Kumquat trees prefer loamy, moist, well-draining soils with a slightly acidic to neutral soil pH. Don't plant them in heavy clay soils, as this can cause root rot. To prevent soil from leaking out, drill extra-large drainage holes at the bottom of the pot and seal them with window screens. Lift the pot above the ground to enhance airflow and drainage.
After planting your kumquat tree, make sure to wait about two to three months before fertilizing. Then, use a citrus fertilizer following the label instructions. Important: do not fertilize during the winter season.
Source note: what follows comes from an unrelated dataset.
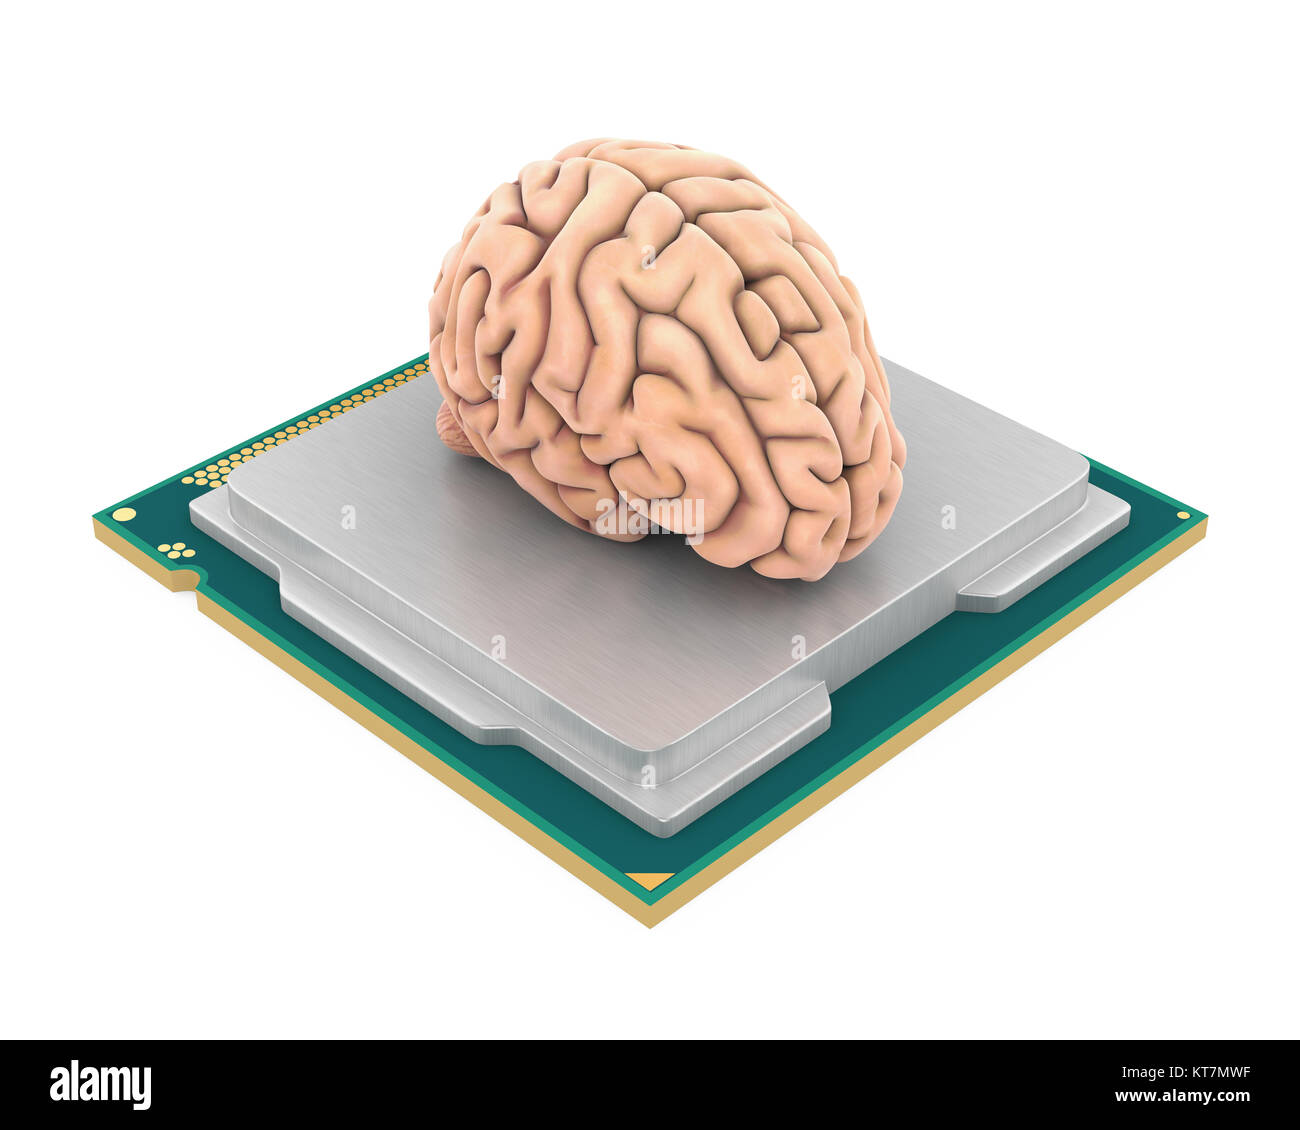 Computer Processor CPU with Human Brain Isolated Stock Photo - Alamy

How Should You Prune These Trees?
Cut away any plant suckers (vigorous vertical growth originating from the root system or lower main stem of a plant) sprouting below the graft bud, as they won't produce fruit. When the tree is very small, pinching off the tips of the shoots will encourage it to branch out. If you want to prune the tree for shaping, do this after the fruit has been harvested but before flowers appear the following spring.
Uses of Kumquat
Kumquats have various purposes, converting them into very versatile flowering plants. First of all, they can be grown in your garden, or also indoors with different care handles for both types of growth situations.
Secondly, they can be eaten and their flavor is... delicious! Let's not forget the fact that kumquats also make cute and great indoor decor to help add more green and fruity looks to your environment. Now let's get to the fun part- what it actually tastes like.
Kumquat Edible Fruit with a Delicious Citrus Taste
Kumquats are commonly enjoyed raw and eaten whole as a sweet-tart snack. They can appear as part of a holiday spread, providing decoration for the table and a fruity palate cleanser. The fruit is also frequently sliced or left whole and candied for a tasty addition to desserts or drinks. Similar to oranges, kumquats can be pureed or juiced. Peeling isn't necessary, but you will need to strain out the little seeds.
What Do Kumquats Taste Like?
Kumquats taste somewhat like oranges. Their delicate peel is sweet rather than bitter, and the flesh has a sharp tart and sour flavor. A juicy, sensitive inside may be found underneath the soft, slightly chewy exterior. Depending on the fruit's ripeness and variety, the tartness level fluctuates.
The Decorative Magnificence of Kumquat Trees
I love how tidy this plant is – the waxy green leaves, and the small, plump, oval-shaped fruit. The Kumquat is used widely in Christmas decor and also during the Chinese New Year. The Kumquat takes the houseplant effect a few steps further – the pop of orange is so pretty and unexpected.
Types of Kumquats
Some popular kumquat varieties include:
- Citrus japonica 'Nagami' is the most popular type of kumquat. The deep orange fruit is oval in shape and has two to five seeds.
- Citrus japonica 'Meiwa' is larger than 'Nagami', has sweeter pulp and juice and is nearly seedless.
- Citrus japonica 'Marumi' has small, round, very juicy fruit with a thick yellow-orange rind.
- Citrus japonica 'Centennial Variegated' is a compact kumquat variety that grows 7 to 10 feet tall. It has variegated white and green foliage, and the fruit is streaked with orange and red when ripe.
Common Pests Found in Kumquat Trees
Kumquats are susceptible to root rot diseases in poorly drained soil and areas prone to flooding. You can prevent this by selecting a planting site with sharp drainage and not overwatering.
Are you up to trying kumquat fruit? Get your hands on track and grow one of these beauties at home!